> _Requirement_: Every line of the listing below is to be duplicated exactly, with the pictures left out.
══ Information shown
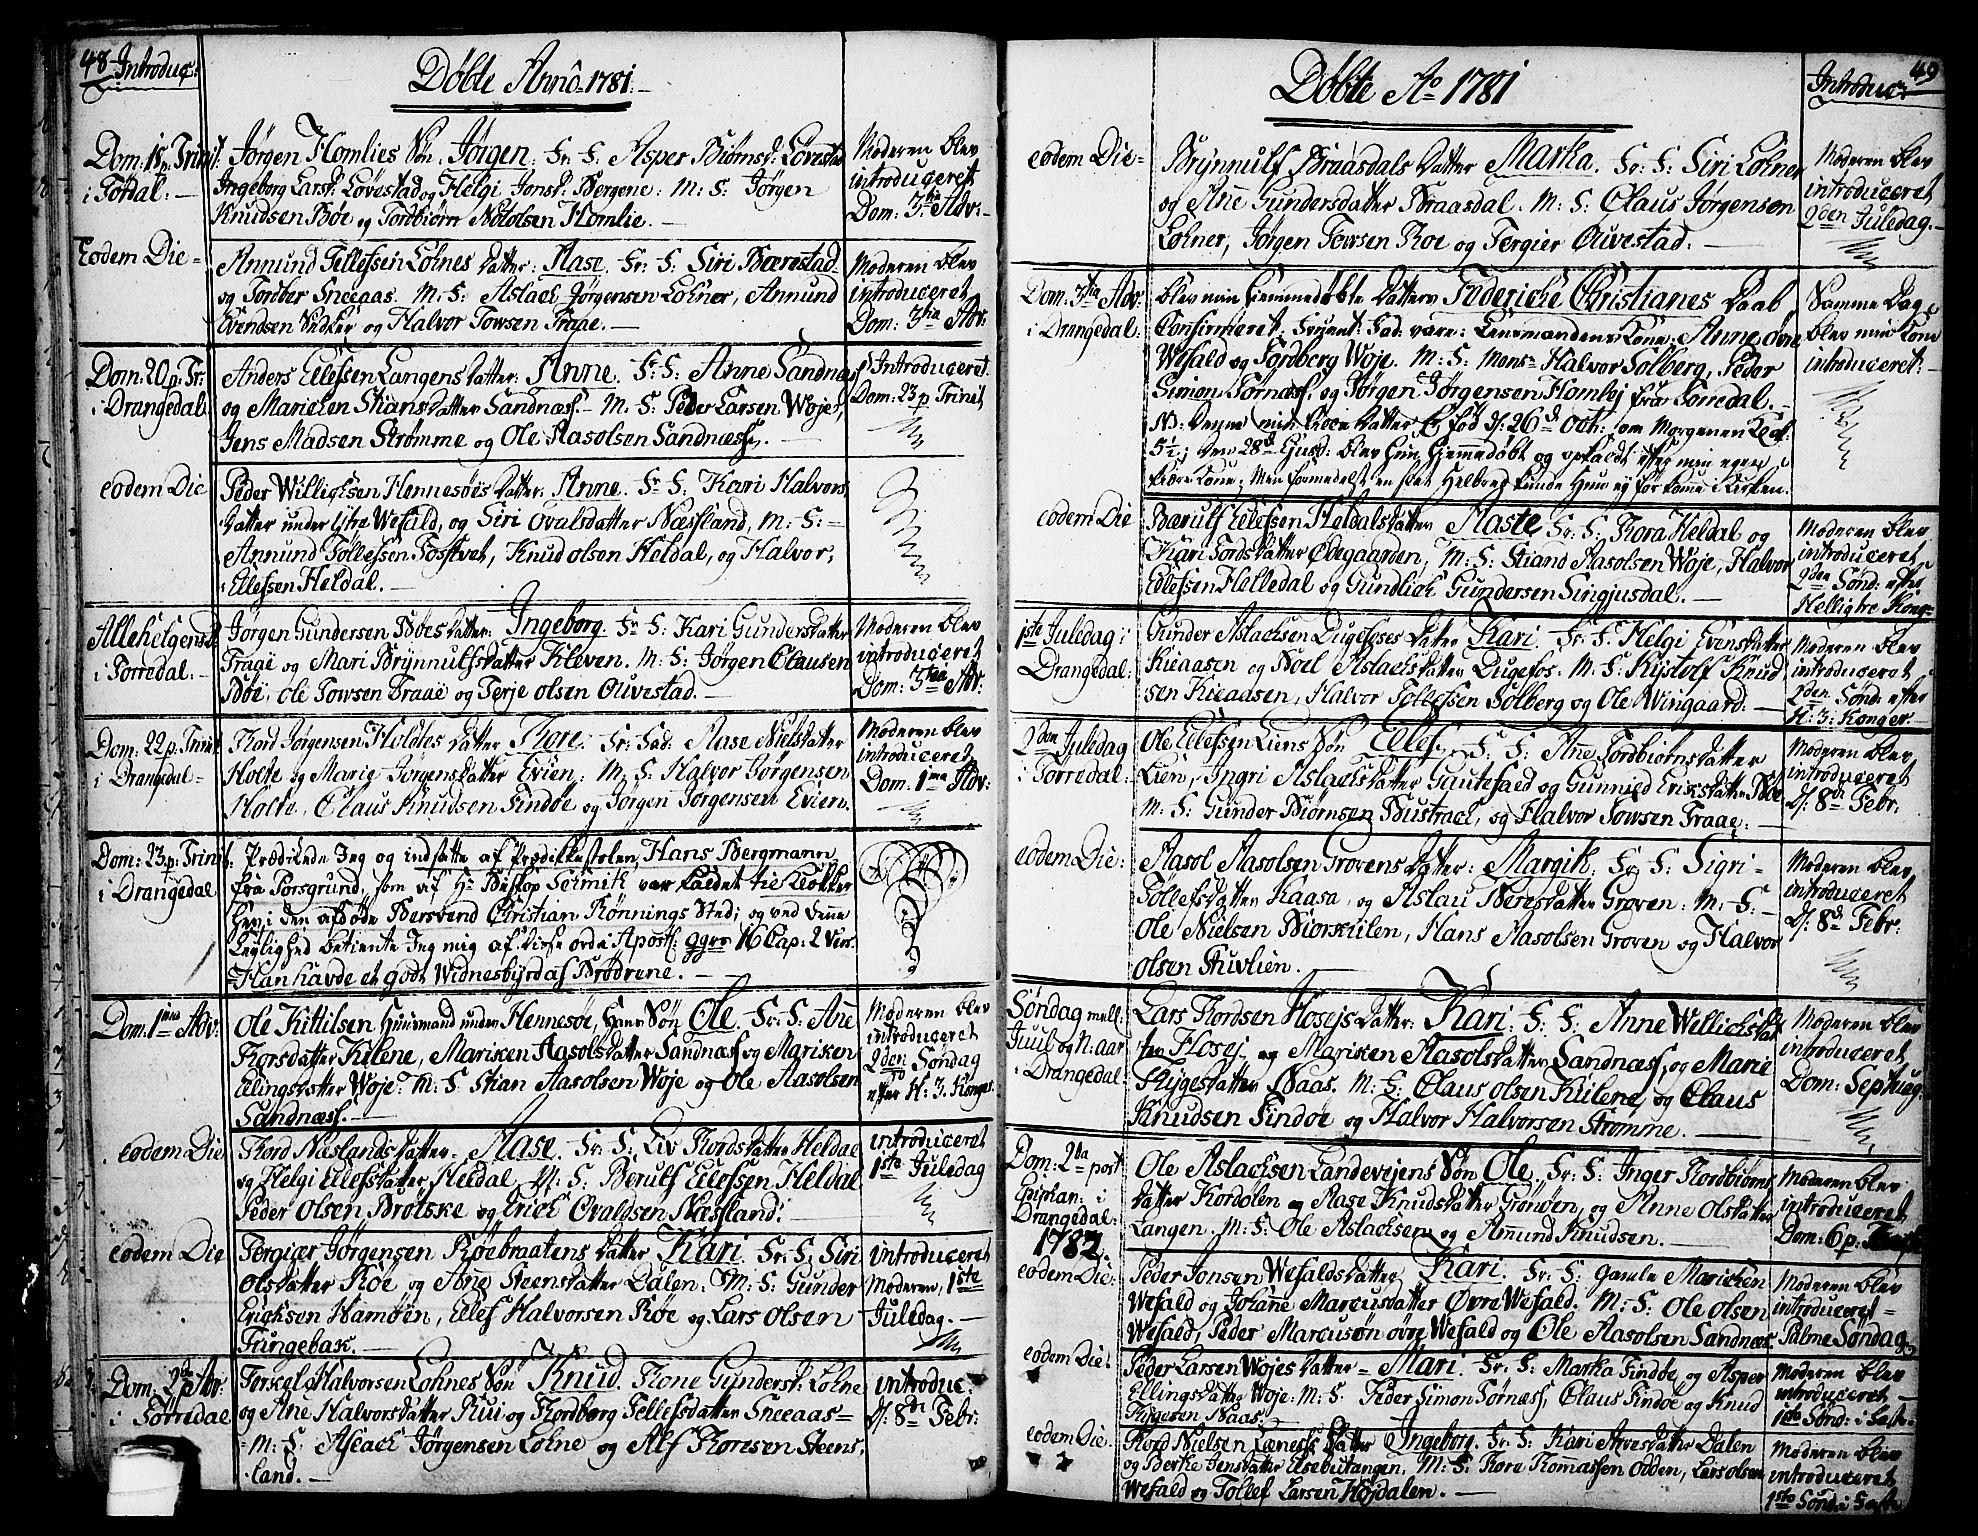 SAKO, Drangedal kirkebøker, F/Fa/L0003: Ministerialbok nr. 3, 1768-1814, s. 48-49
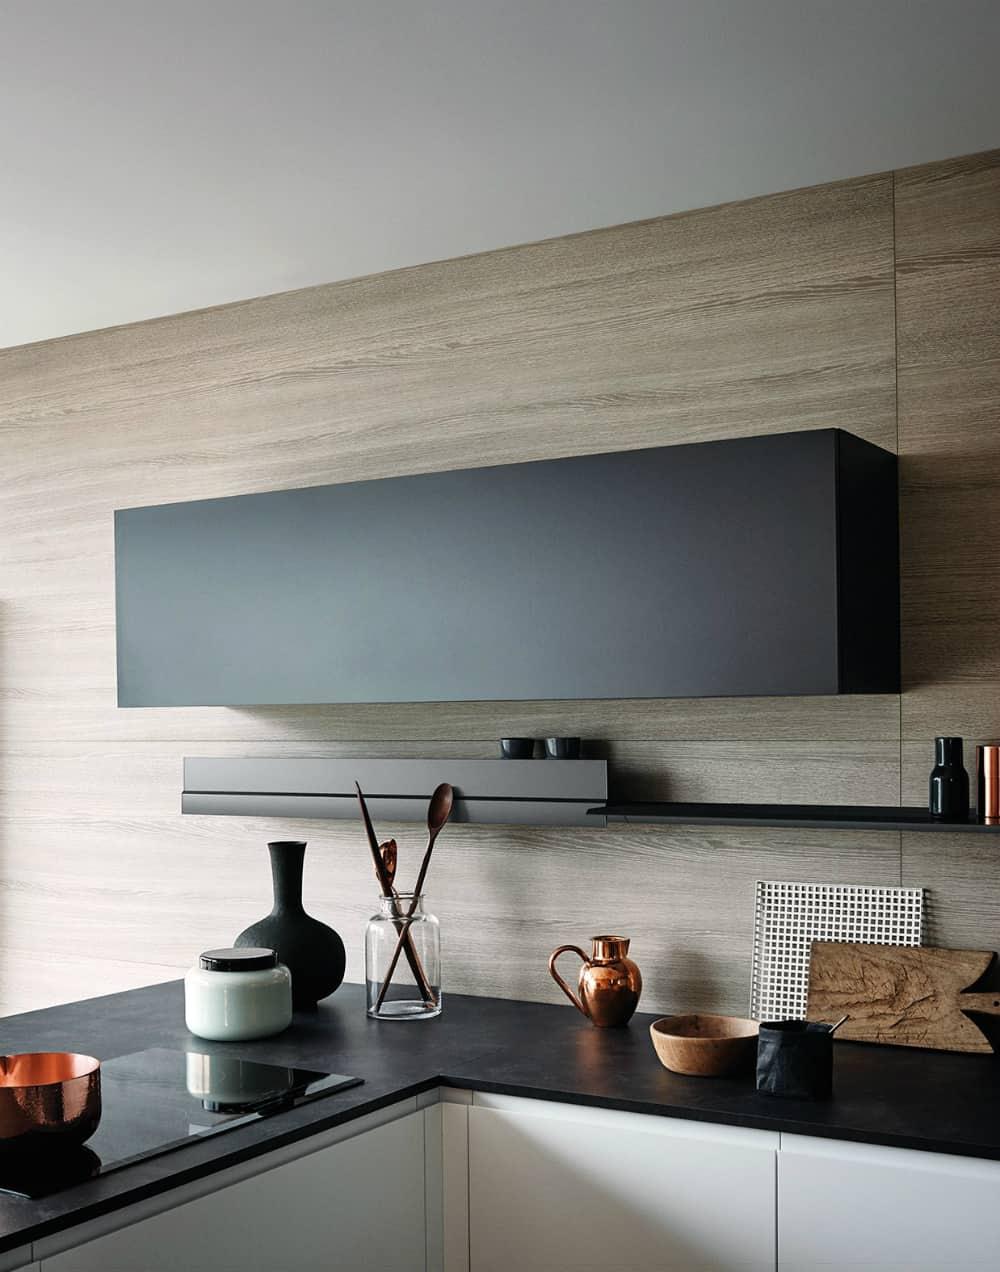 Sleek cabinet shape
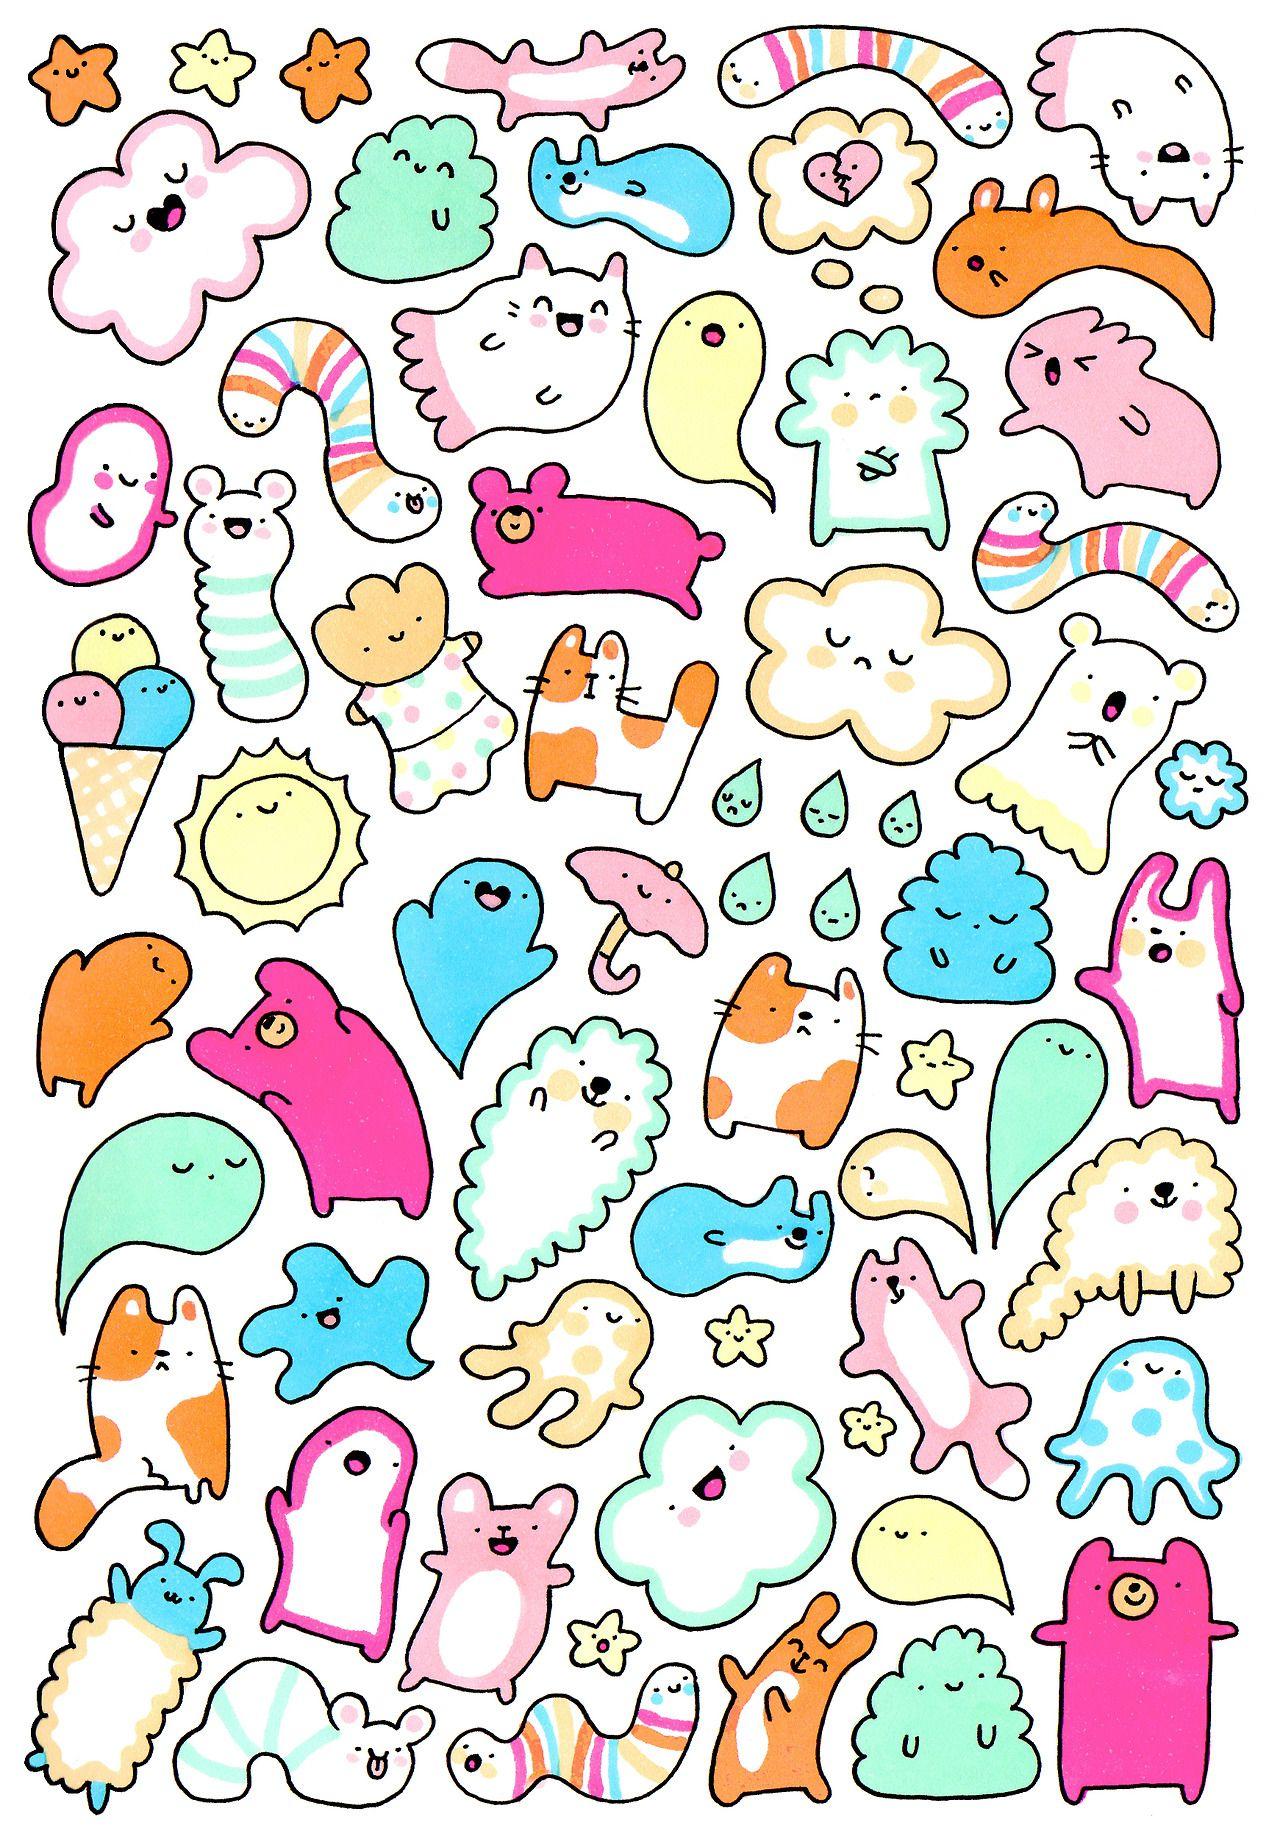 Cute Doodle Illustrations
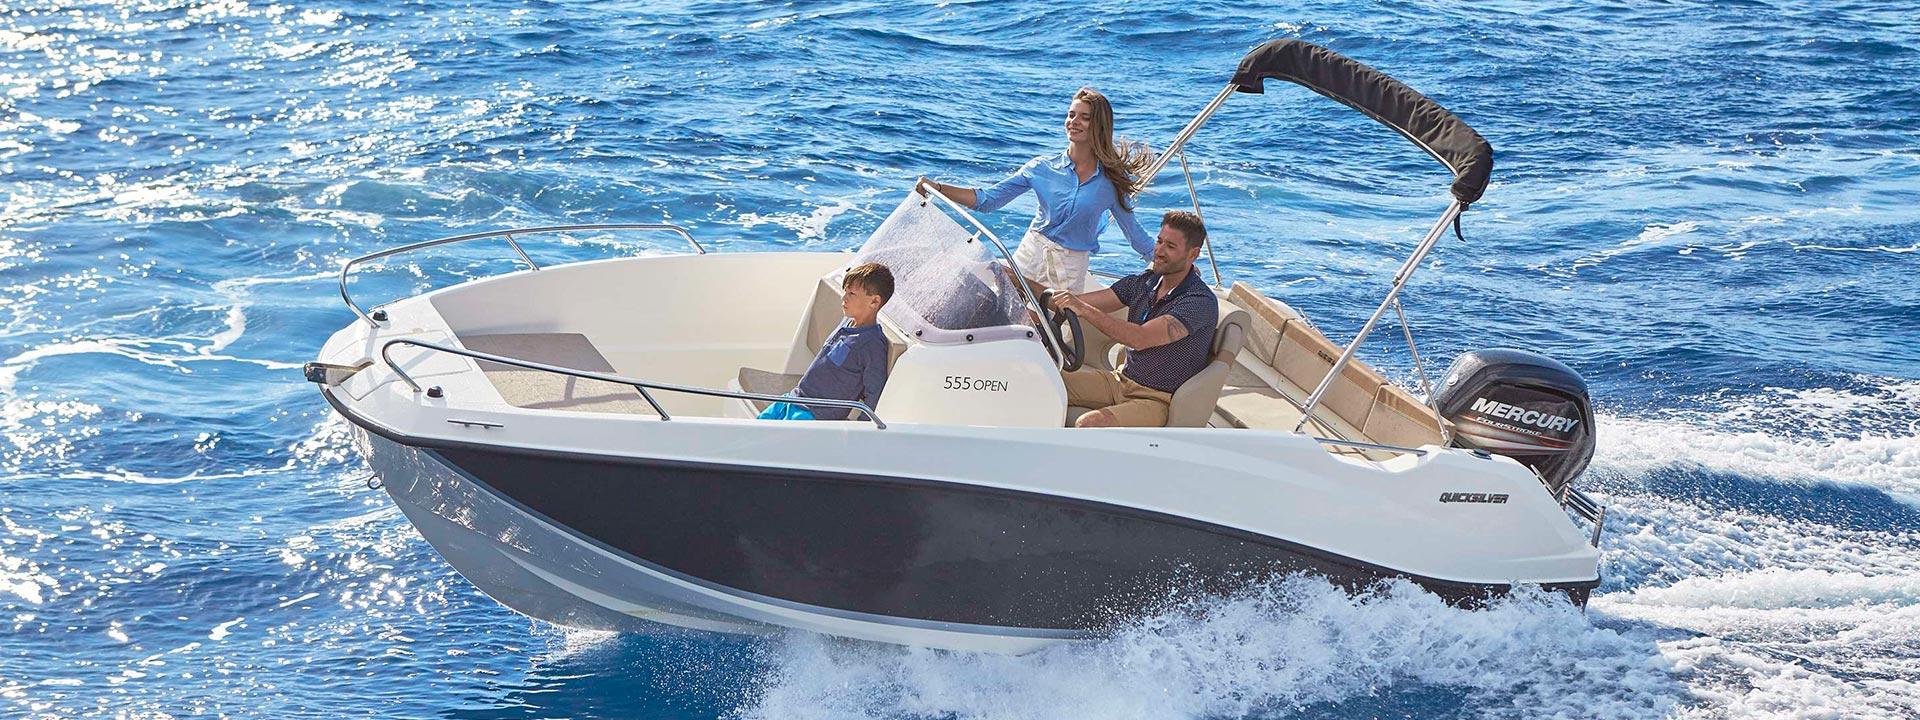 mayer-charter-boat-header-quicksilver-activ-555-open-01
════
> _Task solution_:
 SAKO, Drangedal kirkebøker, F/Fa/L0003: Ministerialbok nr. 3, 1768-1814, s. 48-49
 Sleek cabinet shape
 Cute Doodle Illustrations
 mayer-charter-boat-header-quicksilver-activ-555-open-01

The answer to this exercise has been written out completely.